Then I looked on all the works that my hands had wrought, and on the labour that I had laboured to do: and, behold, all was vanity and vexation of spirit, and there was no profit under the sun. Ecclesiastes 2:11.
Solomon wrote the book of Proverbs, but after a time his wisdom became mingled with chaff. Whence came the chaff? After a manhood of such glorious promise, a change came in Solomon's history. He did not continue true to his purity and allegiance to God. He broke through the barriers that God had erected to preserve His people from idolatry. The Lord had singled out Israel as a nation, making them the depositories of sacred truth to be given to the world. But Solomon cherished pride of political powers. He encouraged alliances with pagan kingdoms....
In the early part of his reign, Solomon was visited by the queen of Sheba. She came to see and hear his wisdom, and after she had heard him she said that the half had not been told her. But his wise and strictly just reign changed. He who had known God and the truth made a great outlay of means to please his godless wives. He made expensive gardens. God's money, which should have been held sacred to help the poor among the people, as God directed, was absorbed by the king's ambitious projects. It was diverted from its original channel.... The suffering ones were not given houses and food and clothing as God had specified they should be given. By his extravagant outlay of means Solomon sought to please his wives and glorify himself. Thus he used the means that had been abundant and brought a heavy taxation upon the poor....

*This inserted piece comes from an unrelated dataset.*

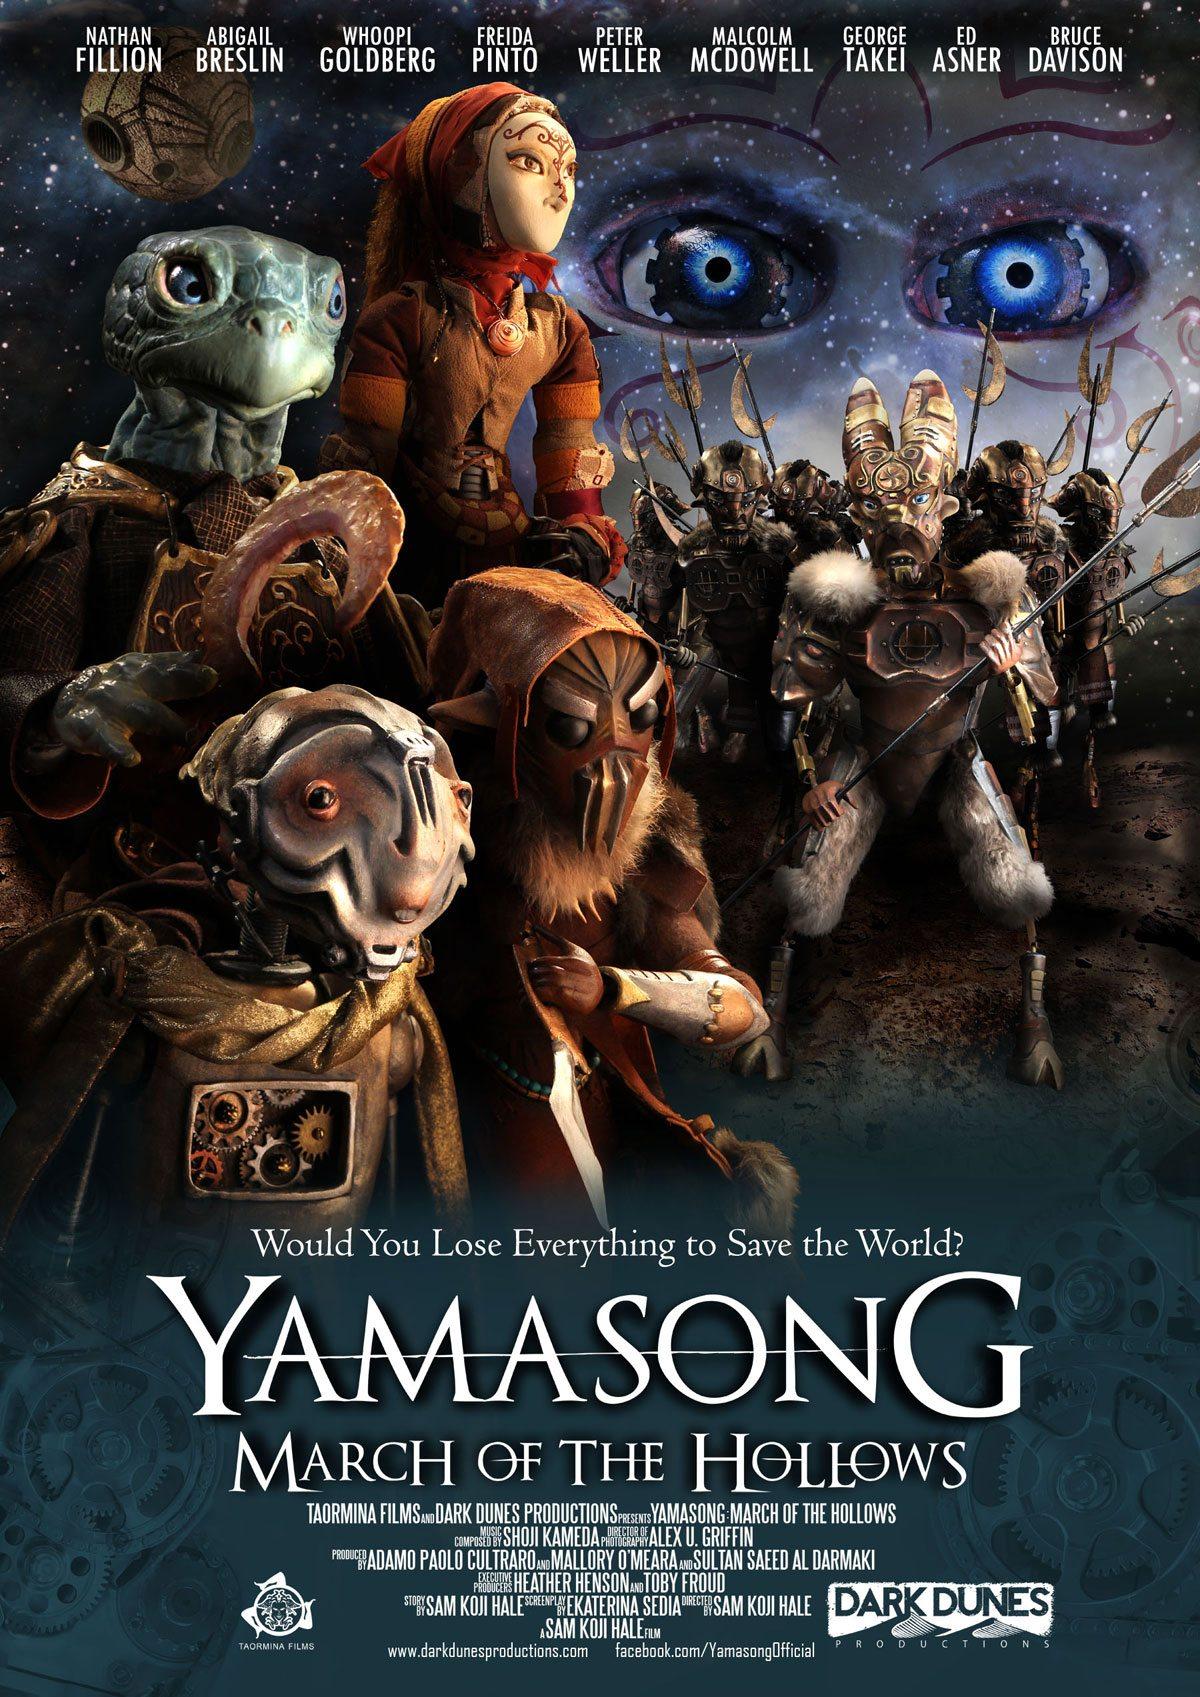 Yamasong poster

His moral efficiency was gone, as the power is gone from a paralytic. He made an effort to incorporate light with darkness, to serve God and mammon. He felt at liberty to experiment in wild license. But Belial and purity could not mingle, and the course the king pursued brought its own penalty. He separated from God, and the knowledge of God departed from him....
People who have the use of money are to learn a lesson from the history of Solomon. Those who have a competence are in continual danger of thinking that money and position will ensure them respect and they need not be so particular. But self-exaltation is but a bubble. By misusing the talents given him, Solomon apostatized from God. When God gives people prosperity, they are to beware of following the imaginations of their own hearts, lest they endanger the simplicity of their faith and deteriorate in religious experience.—Manuscript 40, 1898.